Everett showed us how to trim our pieces this week. Why do you even need to trim your piece? Funny you should ask, I know I did. When you transfer a glass vessel (cup, vase, etc) from pipe to punty, the jack line doesn’t normally break off perfectly. The break may be uneven or the walls may be inconsistently thick at that point. For those reasons, after breaking your piece off the punty, you should trim the lip. Once you have a clean edge (clean = no tool marks, consistent wall thickness and even lip), you can continue shaping your piece.
Tweezers are used to pinch, pull and cool the rim and then shears cut just below the tweezer marks. We practiced trimming multiple slices off a single piece until there was nothing left. With that new skill, we were ready (in theory) for fifteen minute cups.
Everett did a cup demo complete from starting the bubble, transferring to the punty, trimming the lip and shaping the final piece…in fifteen minutes. Then we paired up and started fifteen-minute rotations, trying to run through the process and complete a cup. On my first try, I made it just through transferring to the punty. On my second try I managed to make it a little further, up through tweezing, but ran out of time before trimming. These fifteen minute cups seem to be a common drill in glass blowing, sort of like sprints!

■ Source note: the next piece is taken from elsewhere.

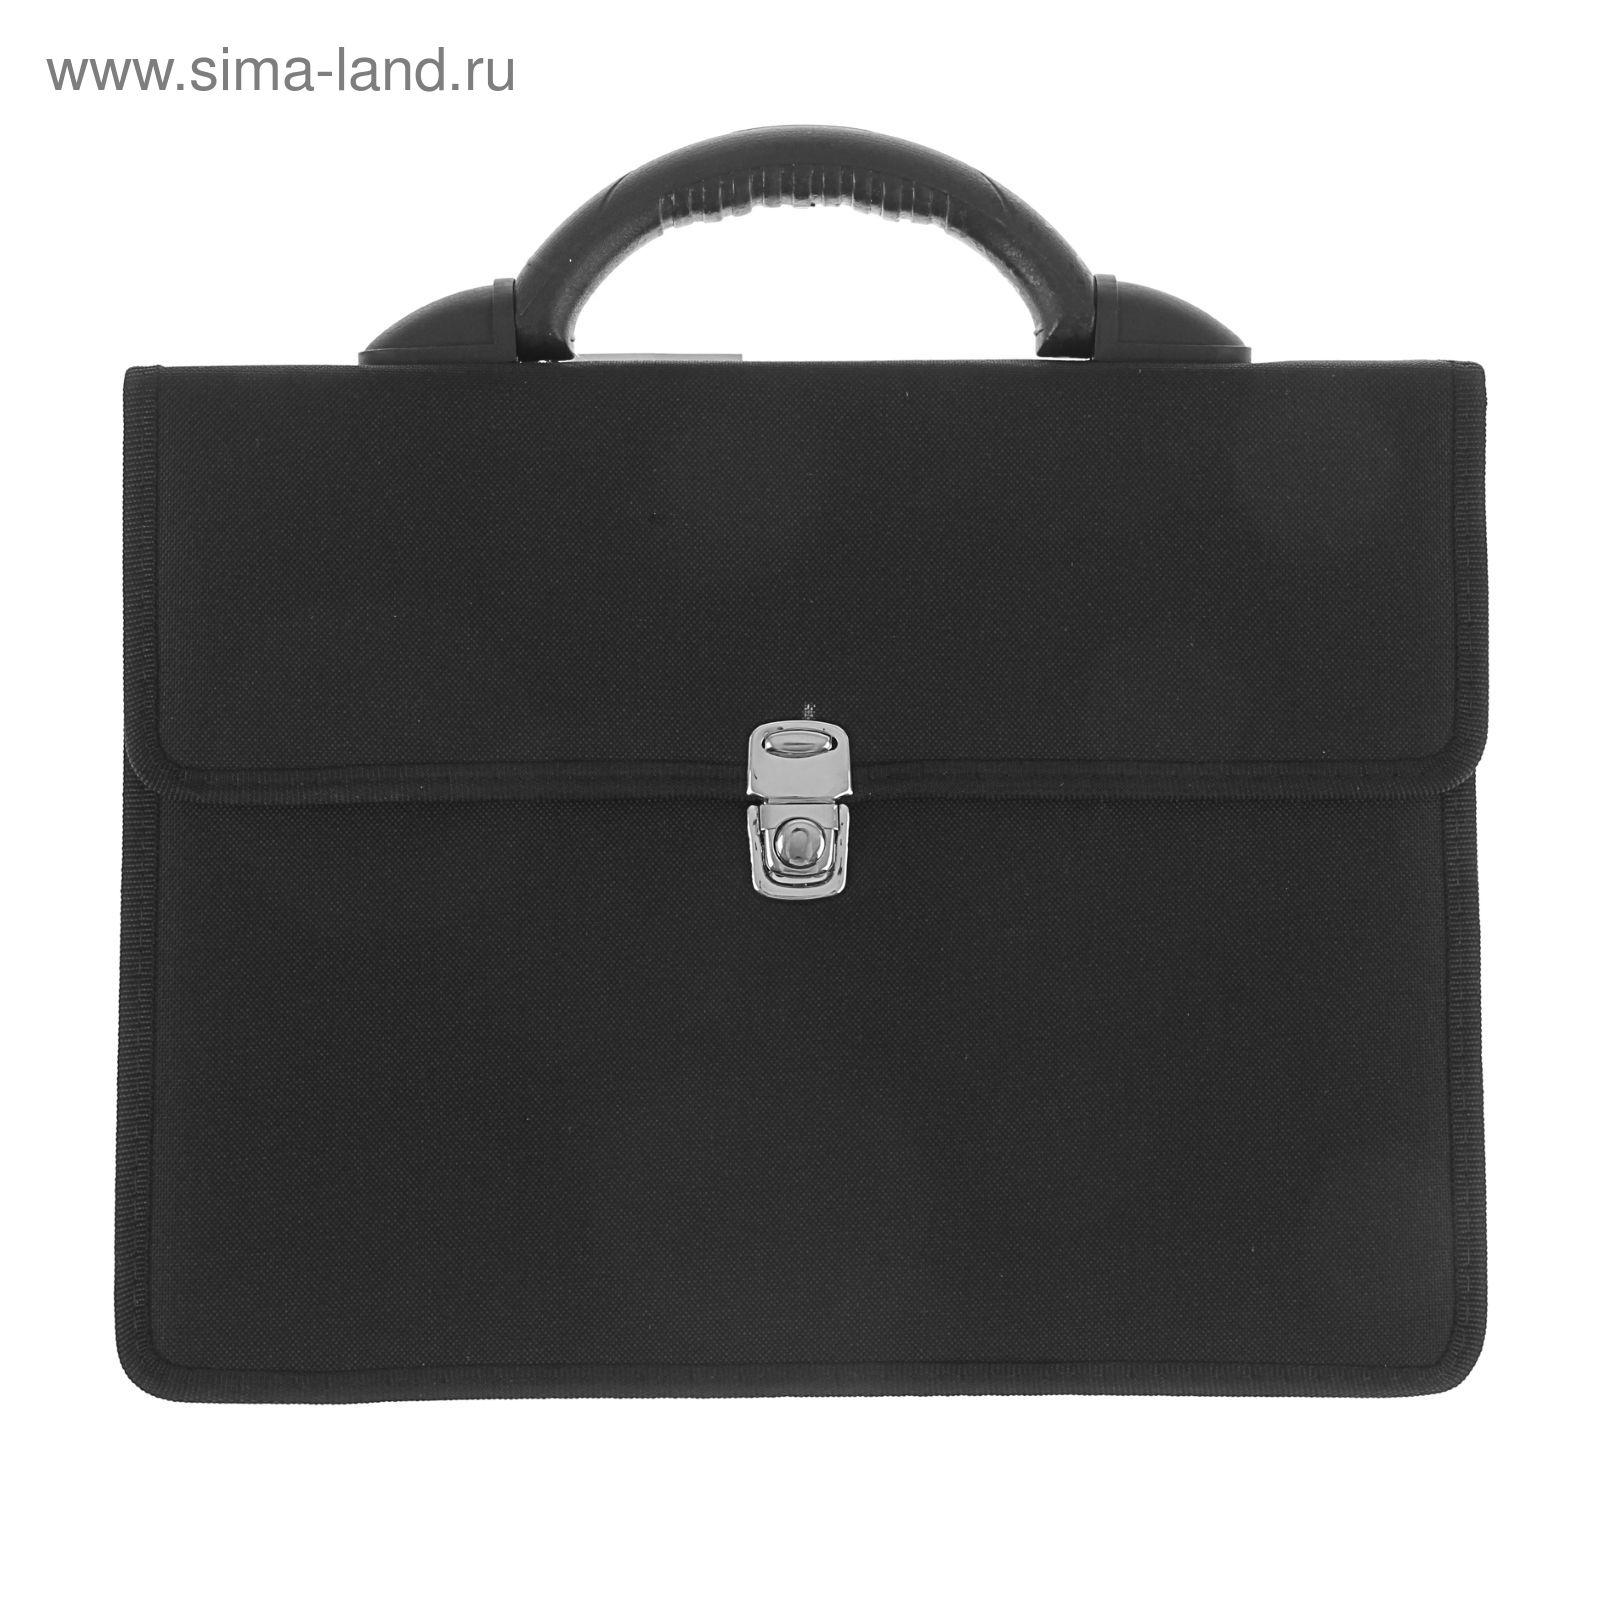 eab57d0aa7c0 Портфель деловой «Выборг», 350 х 260 х 10 мм, цвет чёрный (1С11 ...

Oh, and the baton twirling. I’ve started noticing little glass blowing habits, for example, my first glassblowing teacher, Jason, would sway the pipe side to side to help shape the glass. Everett likes to swing the pipe like a pendulum, and sometimes even in full circles like he’s a baton twirler. Any other glass blowing “twitches” out there? Have you noticed glass blowers doing funny little moves to manipulate their glass?